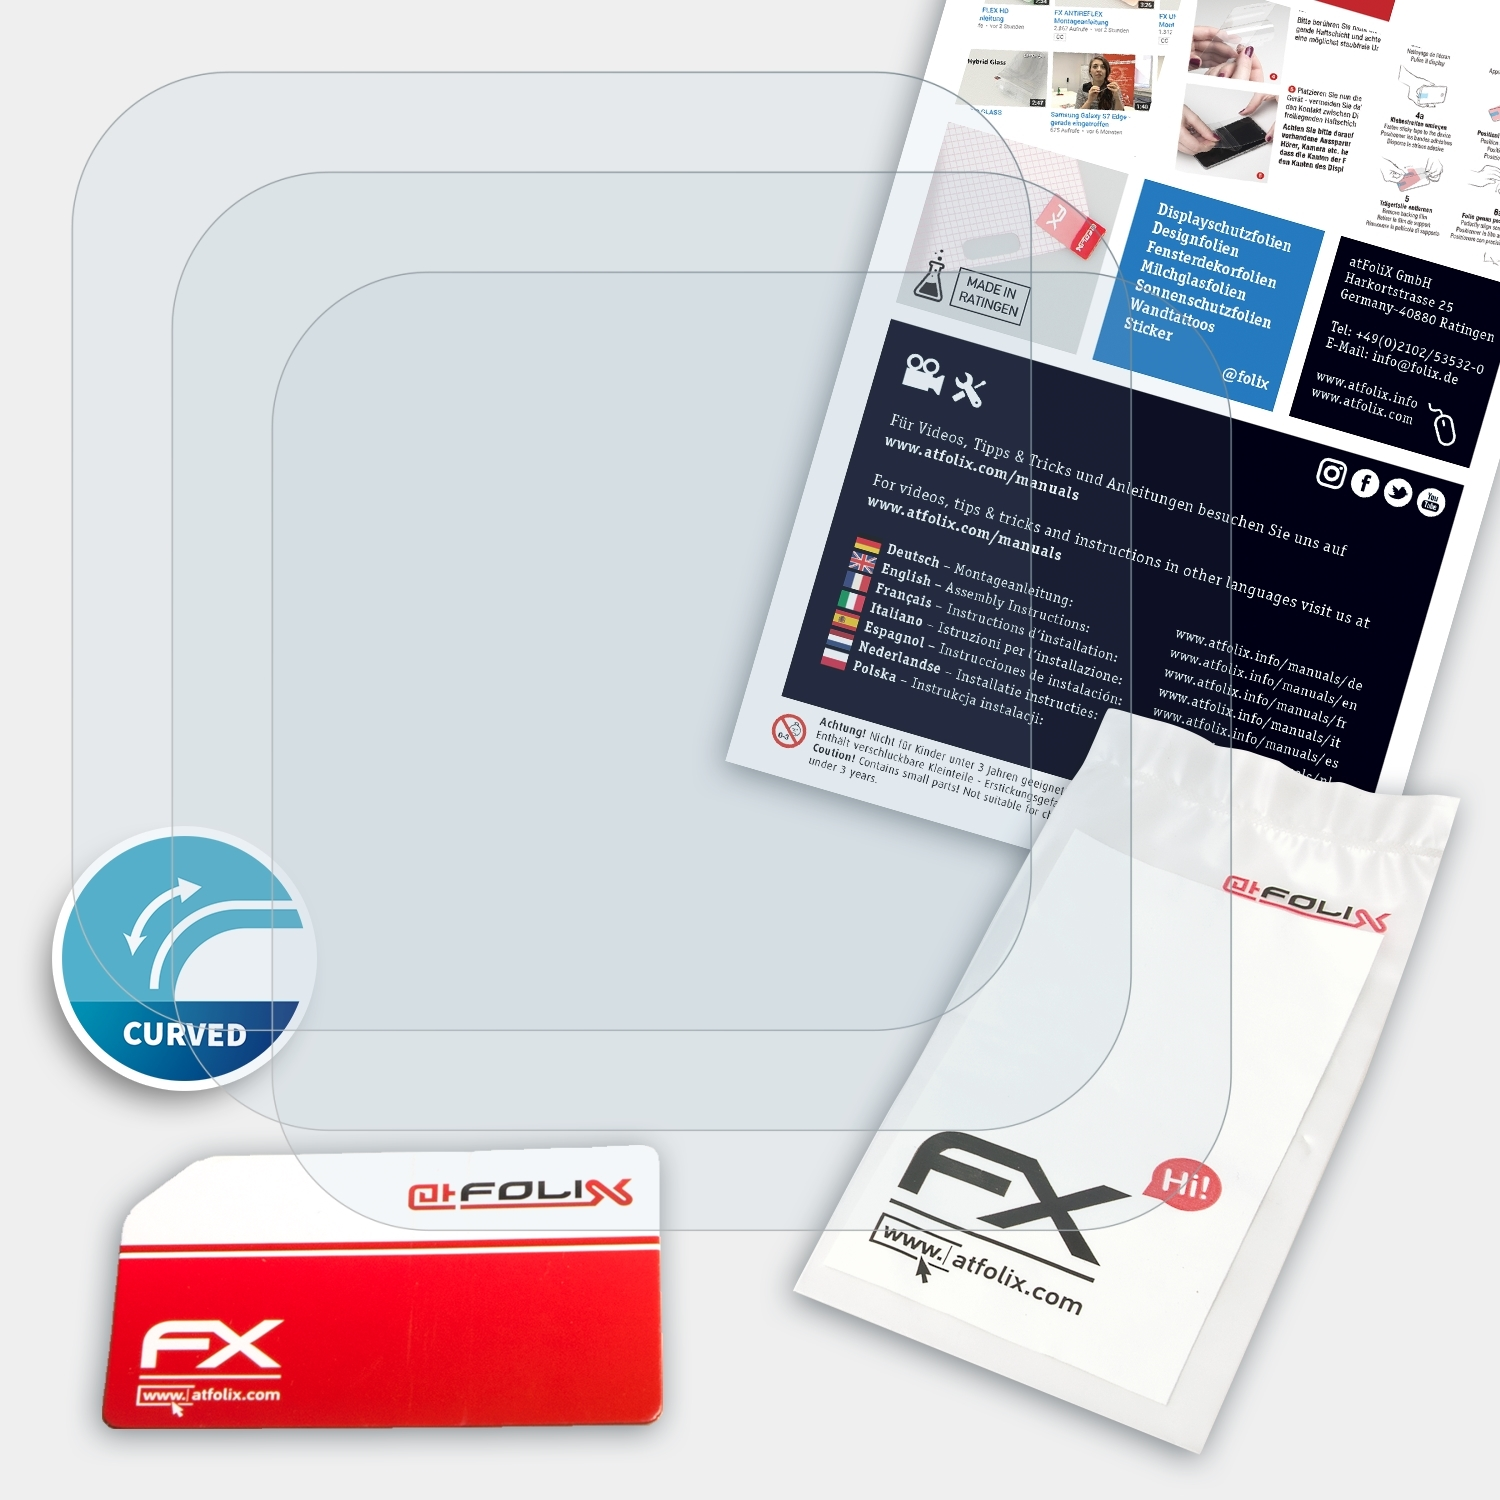 ATFOLIX 3x FX-ActiFleX Displayschutz(für 3) Garmin Vivofit
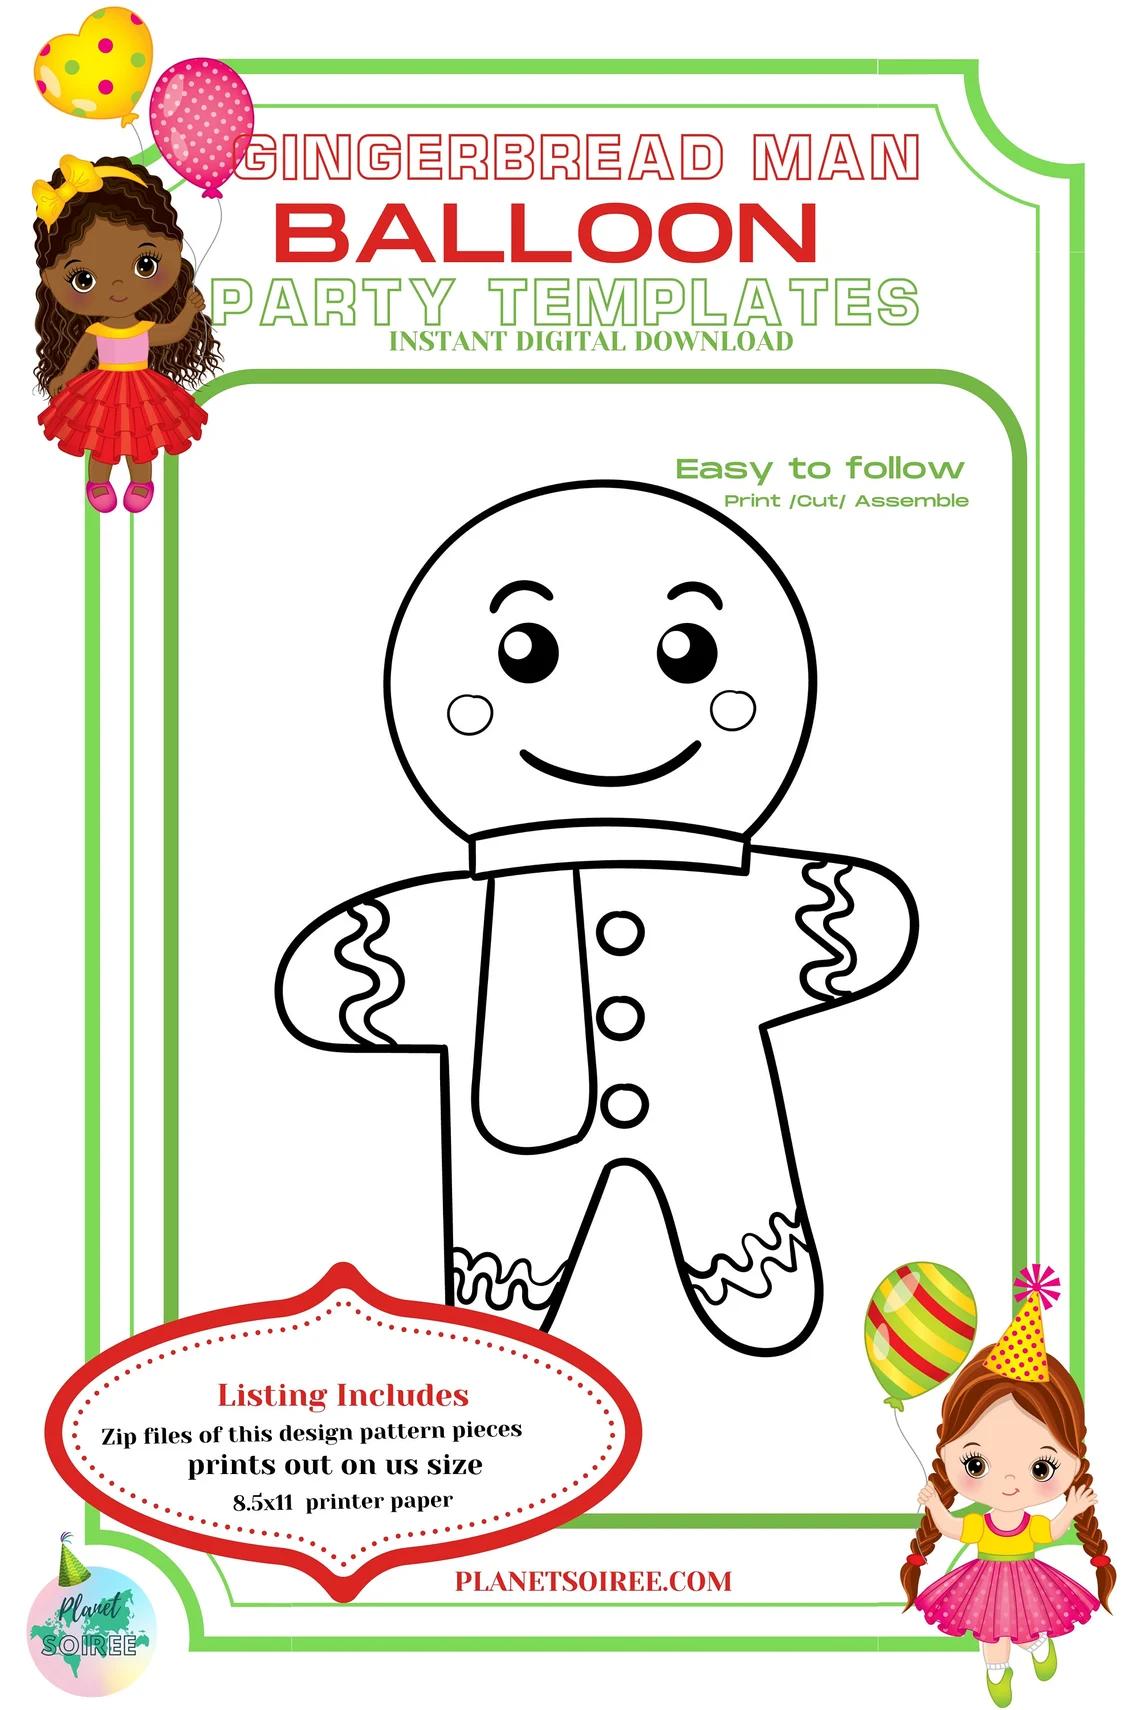 Gingerbread Man Balloon Template, Digital Downloads,Balloon Mosaic Template,Christmas Cookie Template,Birthday and party Balloon templates.
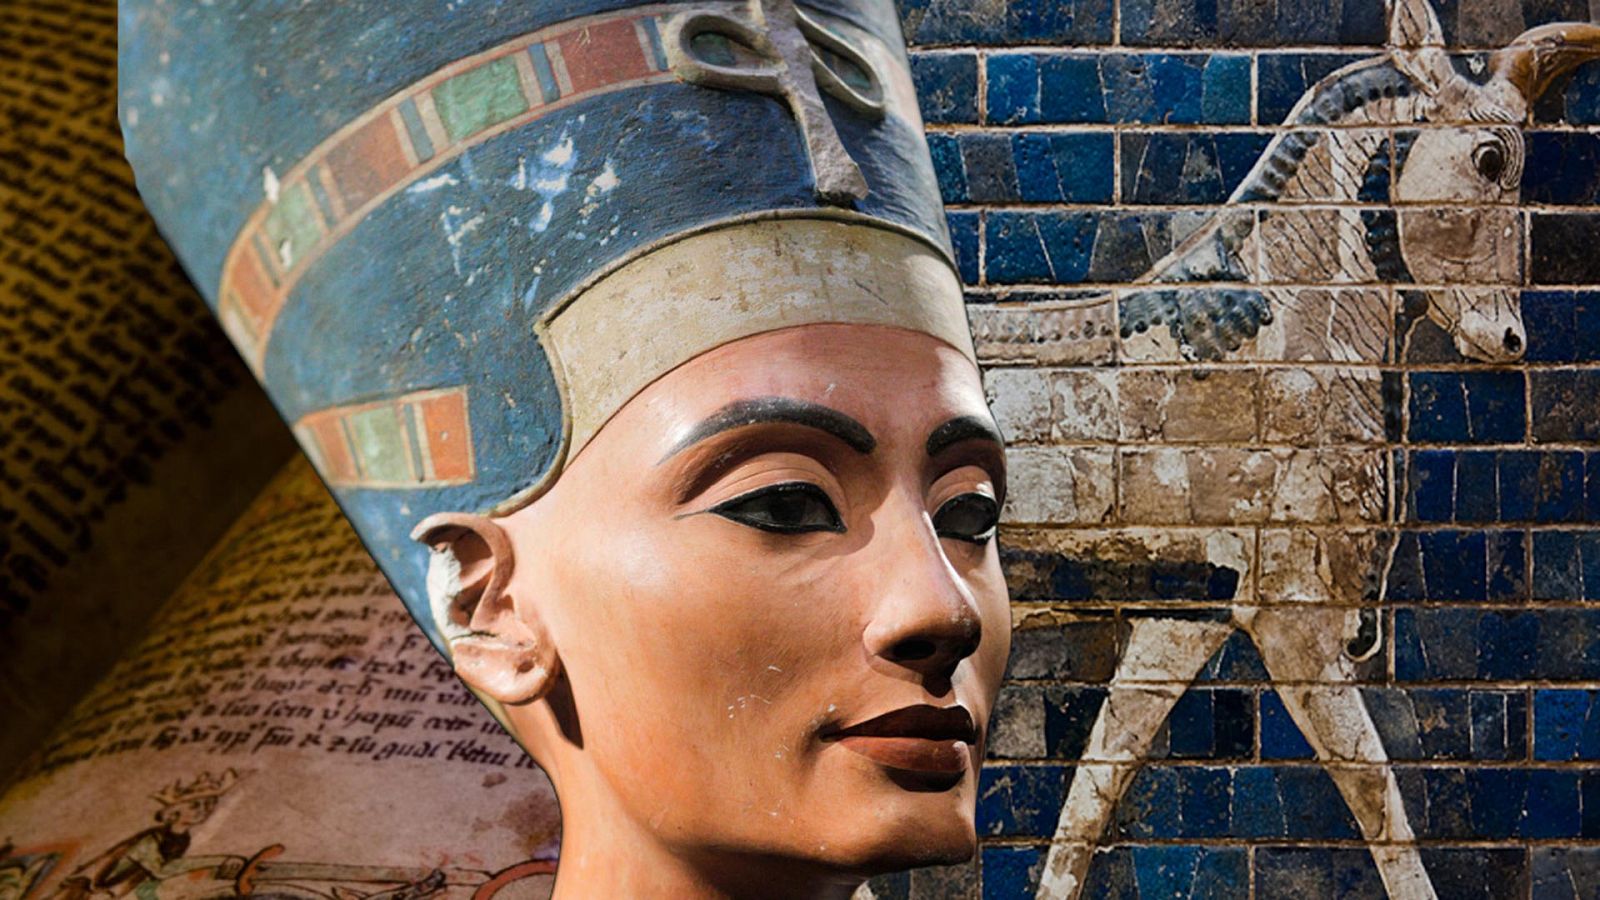 Nefertiti, la reina solitaria - Episodio 1: Historias sobre el expolio del arte antiguo - Documental en RTVE
◆ ◆ ◆ ◆ ◆
## [Problem details]
Could you return the whole listing exactly, with every picture removed?

## [Answer to the exercise]
 ATFOLIX 3x FX-ActiFleX Displayschutz(für 3) Garmin Vivofit
 Gingerbread Man Balloon Template, Digital Downloads,Balloon Mosaic Template,Christmas Cookie Template,Birthday and party Balloon templates.
 Nefertiti, la reina solitaria - Episodio 1: Historias sobre el expolio del arte antiguo - Documental en RTVE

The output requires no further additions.